If everything else about two jobs is equal, by all means, take the one offering more pay. But don’t forget all the other factors that play into choosing a job. For me, time with my patients is huge; I don’t want someone else carrying out the treatment, I want to get to know my patient and provide top-notch care on my own. I believe that most of the high-pay jobs you find also tend to be high-volume. What on Earth can you effectively do with a patient in 15 minutes? …30 seems like a rush-job to me as well.
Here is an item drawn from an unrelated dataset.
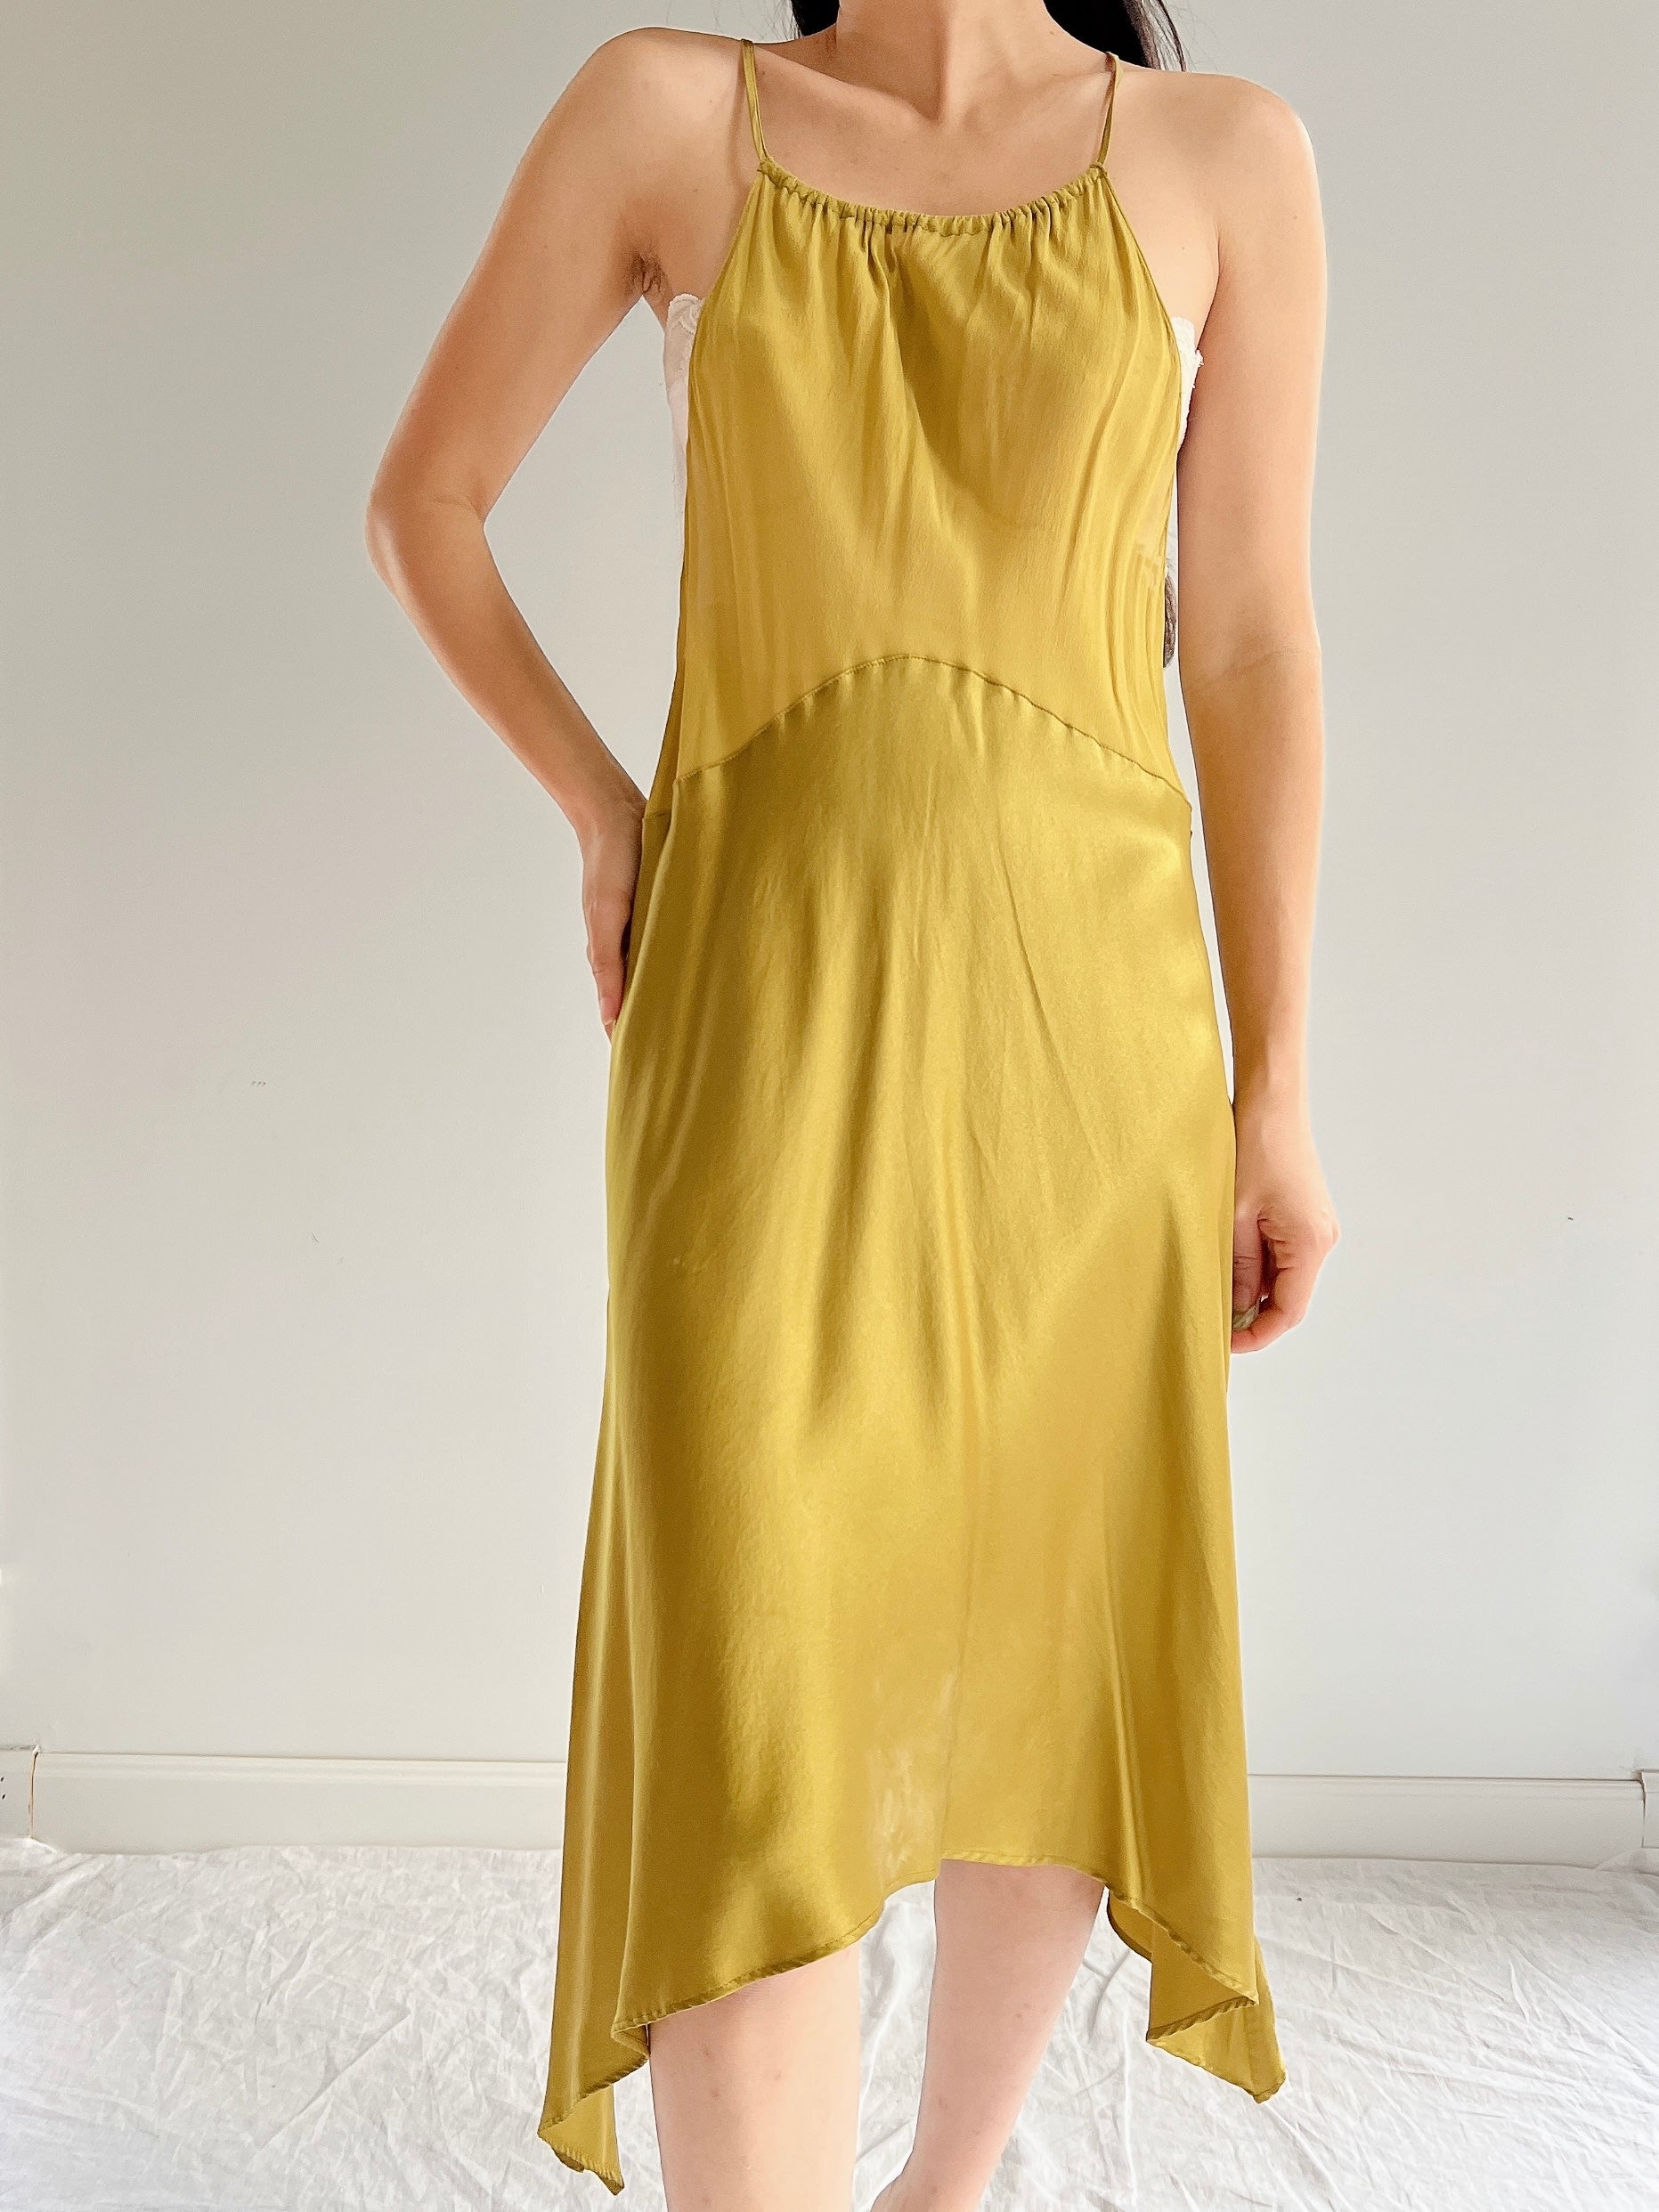 Vintage Moss Green Silk Dress - M | G O S S A M E R

While the instinct seems to be to flock to more money, I believe the majority of these clinics are a pipeline to burnout after providing awful patient care to hundreds (thousands?) of people.
The whole purpose of our jobs in healthcare is to help people, to make them feel less pain as they complete the tasks of their day, and to help them move better. As a profession, we should wholly reject high-volume rehab-factories. These clinics provide inferior care to patients, wear-out young clinicians, and are a poor representation of the abilities of therapists. If you or your friends are seeing multiple patients every hour, look around your area and see what other opportunities might be available.
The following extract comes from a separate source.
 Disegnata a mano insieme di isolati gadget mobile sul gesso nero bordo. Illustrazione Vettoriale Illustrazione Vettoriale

Take your time choosing the right job for you. When coming out of school with seemingly insurmountable debt, it seems that getting the highest paying job ASAP is the greatest priority, but getting that job and then burning out quickly does nothing to pay off your debt. The slow road is not sexy, but if you choose good professional situations where high-value patient care is a priority, you will gradually gain experience over time. Those high-value experiences will eventually lead you to higher paying jobs, financial freedom, and most importantly personal satisfaction. By all means, take the job that pays you best, but it must also maintain excellent patient care and provide you the tools to be happy and successful at work.